Got my scan tomorrow morning first thing.
I'm rh- too. The injections do hurt, surprisingly more than others I've had, but needs must, it's not terrible. I forgot to ask when I should have my next one actually, didn't have any with the mcs, only with DD.
I'm happy to be pg, and maybe it's because this is the 2nd one, but I'm not {excited} about anything. I'm not excited about tomorrow's scan, it'll be nice to get photos for DD but I'm not nervous or eagerly counting the minutes till I see it. I'm very chilled about everything, but not worried about anything or excited. Everything is very beige really. I had a scan at 9 weeks and again no excitement, no tears of joy seeing the little gummy bear, nothing, all just hmm that's nice.
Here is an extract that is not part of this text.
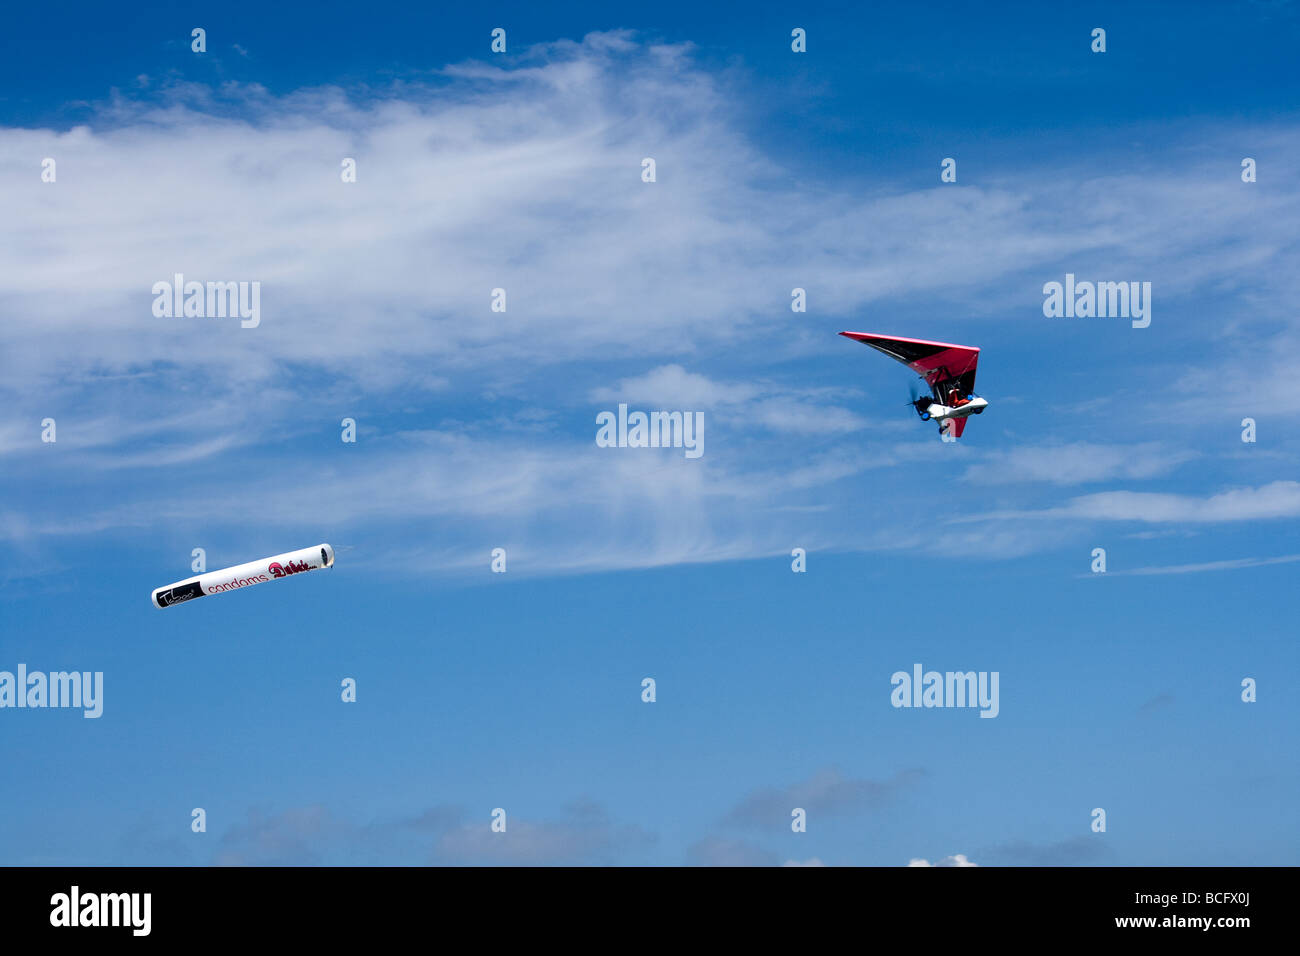 Photograph of Ultralight trike with condoms advertisements on its wing, and its back, flying on intense blue sky. Stock Photo

I'm not reading or checking my apps or researching the best babygrow, I've barely checked what development stage it's up to or listened on the doppler and when I have its more out of guilt that I haven't for a while. This is in stark contrast to how I was with DD. I feel really guilty that I'm not as excited or researching so frantically with this one. I used to spend hours meditating and imagining DD, I was obsessive over looking after myself, I was totally focussed on her, this time I'm really not. I've eaten things I know I shouldn't (Rare steak! Sorry but just cannot handle well done, it's wrong! And coca cola, more than I should.), used beauty products I wouldn't have with DD, I was expecting to be a bit more chilled this time round but not this much. I think a lot of traumas from the past are preventing me really getting into this for fear I'll lose it. I feel really guilty though and feel really sorry for this little one at the moment. I need to buck up and get into it more. Maybe tomorrow's scan will fire me up a bit more. I hope so.